The aim of this paper is to present a robust FCM clustering algorithm for incomplete data based on interval data representation. To guarantee the clustering performance, we introduce the concept of robust cluster objective function, which is the maximum of the traditional cluster objective function when the missing feature values vary in the considered intervals. Different from the existing algorithms based on interval distance function or optimal imputation [6, 7, 17], we formulate the clustering problem as a min-max optimization problem based on the idea of robust optimization, which has been successfully used in the field of operations research [18, 19], and machine learning, including the minimax probability machine [5, 10, 13], robust support vector machines [11, 15] and robust quadratic regression [14].
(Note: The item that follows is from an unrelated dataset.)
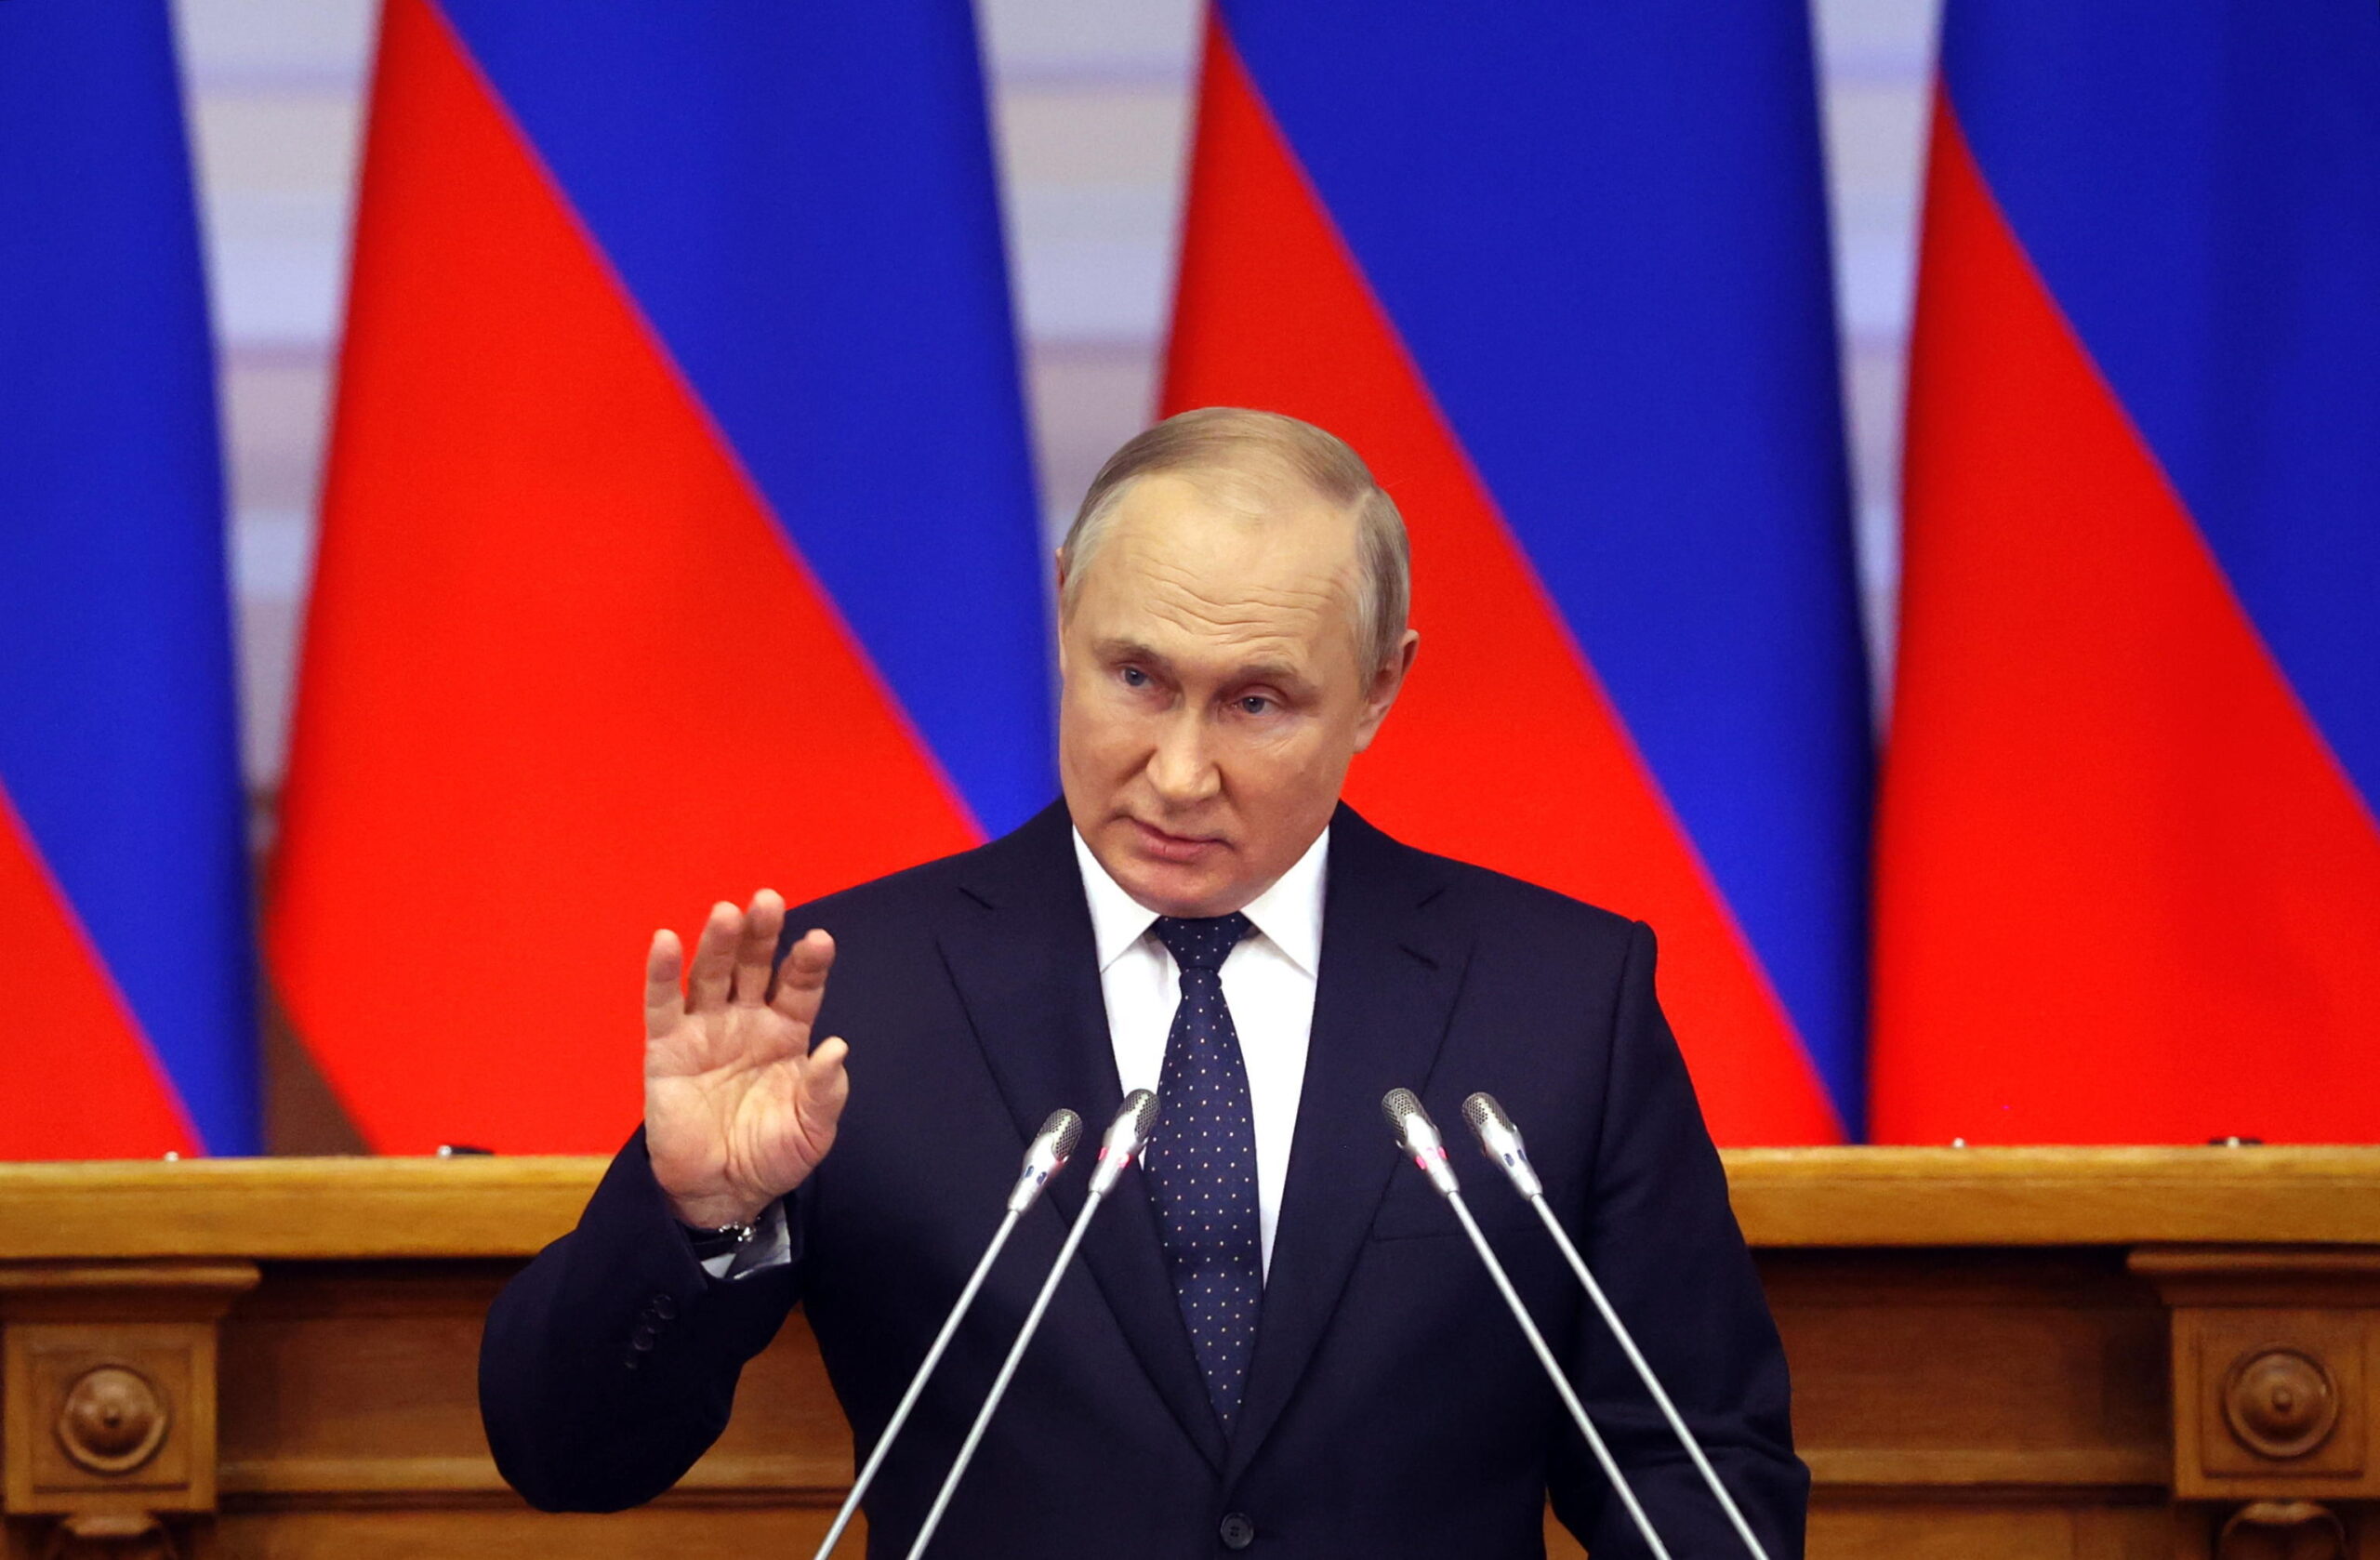 Parata della vittoria a Mosca, Putin: “Usa umiliano il mondo, noi siamo diversi”

To solve the proposed min-max optimization problem, we design an efficient iterative solution method. We first give an equivalent reformulation of our robust optimization problem and analyze its relationship with the classical FCM. Then, we show how to update the cluster prototype and membership matrices separately by solving convex optimization problems. Since both problems are non-smooth, we propose a smoothing method to speed up solution process. To tackle the constrained optimization problem in the process of updating the membership matrix, we present an improved gradient projection method. Numerical experiments on UCI data sets validate the effectiveness of the proposed RFCM algorithm by comparison with other algorithms.
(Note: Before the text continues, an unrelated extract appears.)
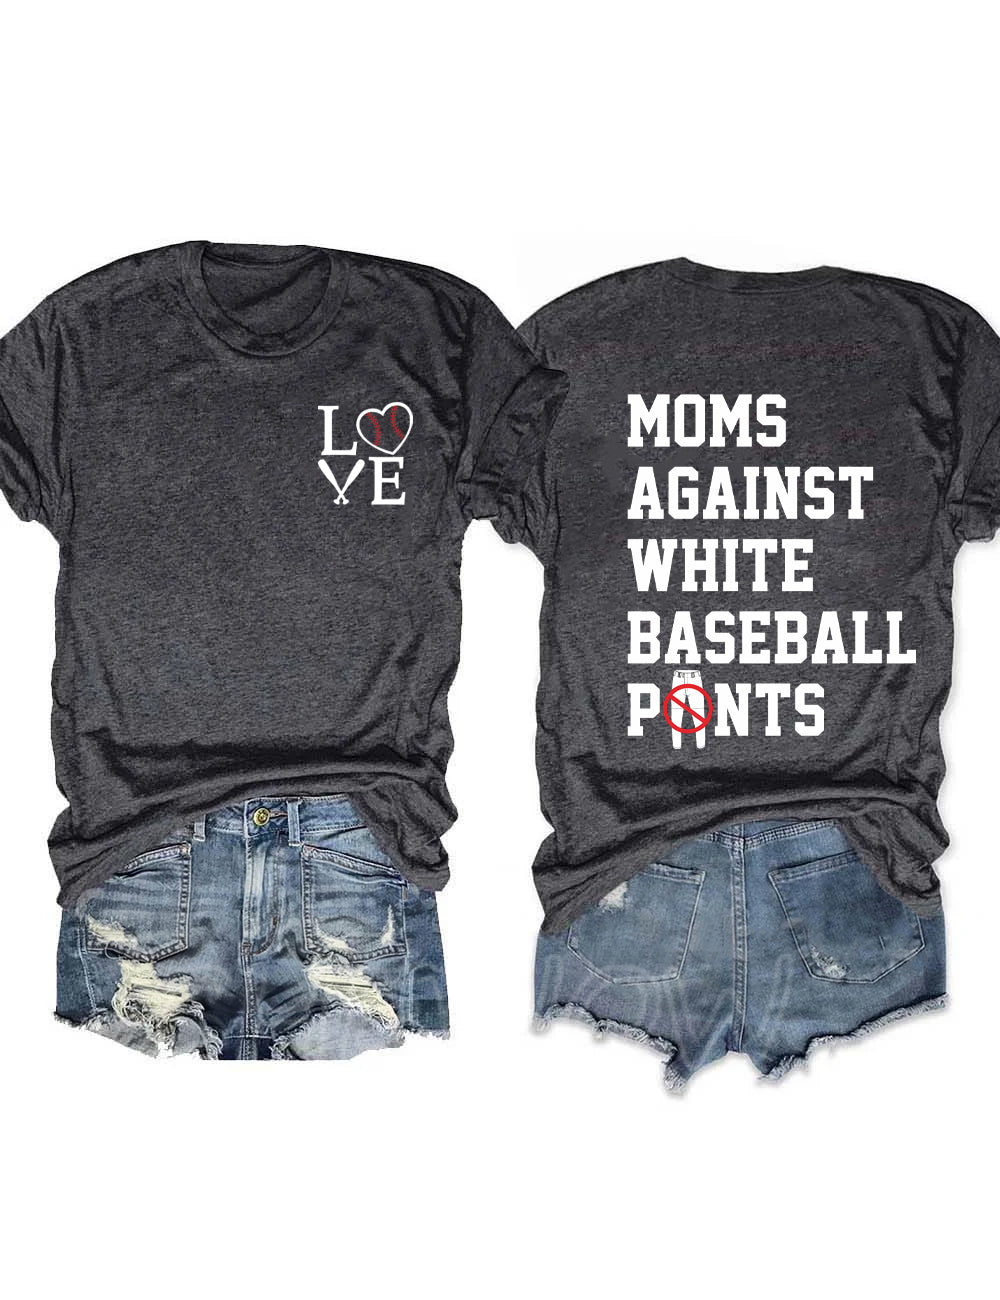 Moms Against White Baseball Pants T-Shirt

The remainder of this paper is organized as follows. Section 2 presents our RFCM model. In Sects. 3, we give an equivalent reformulation and give the solution method. In Sect. 4, numerical experiments are implemented and discussed. Finally, we conclude this research in Sect. 5.

2 RFCM Clustering Algorithm

Consider a set of n objects \(I=\{1, \cdots , n\}\) and each object has m features \(\{x_{ij}: j \in J\}\), where \(x_{ij}\) describes the j-th feature of the i-th object quantitatively. Let \(x_i=(x_{i1},\cdots , x_{ im})^\mathrm {T}\) be the feature vector of the i-th object and \(X=(x_1,\cdots , x_{n})\) be the feature matrix or data set. The task of clustering problems is to assign these objects to K clusters.

In practice, due to various reasons, the data set X may contain missing components. A data set X is referred to as an incomplete data set if it contains at least one missing feature value for some objects, that is, there exists at least one \(i\in I\) and \(j \in J\), such that \(x_{ij}=?\). For an incomplete data set X, we further partition the feature set of the i-th object into two subsets: \(J_i^0=\{j : x_{ij}=?, \forall j\in J \}\) and \(J_i^1=J\setminus J_i^0\).

Since it is usually difficult to obtain accurate estimation of missing feature values. This paper represents missing feature values by intervals. Specifically, for any \(i\in I\), we use an interval \([x^-_{ij},x^+_{ij}]\) to represent unknown missing feature value where \(j \in J_i^0\), and use \(\bar{x}_{ij}\) to represent known feature value where \(j\in J^1_i\). To simply notations, in the following, let \(\bar{x}_{ij}=\frac{x^-_{ij}+x^+_{ij}}{2}\), \(\delta _{ij}=\frac{x^+_{ij}-x^-_{ij}}{2}\) for any \(j \in J_i^0\), and \(\delta _{ij}=0\) for any \(j \in J_i^1\). For details on how to construct these intervals for missing feature values, see [6, 17].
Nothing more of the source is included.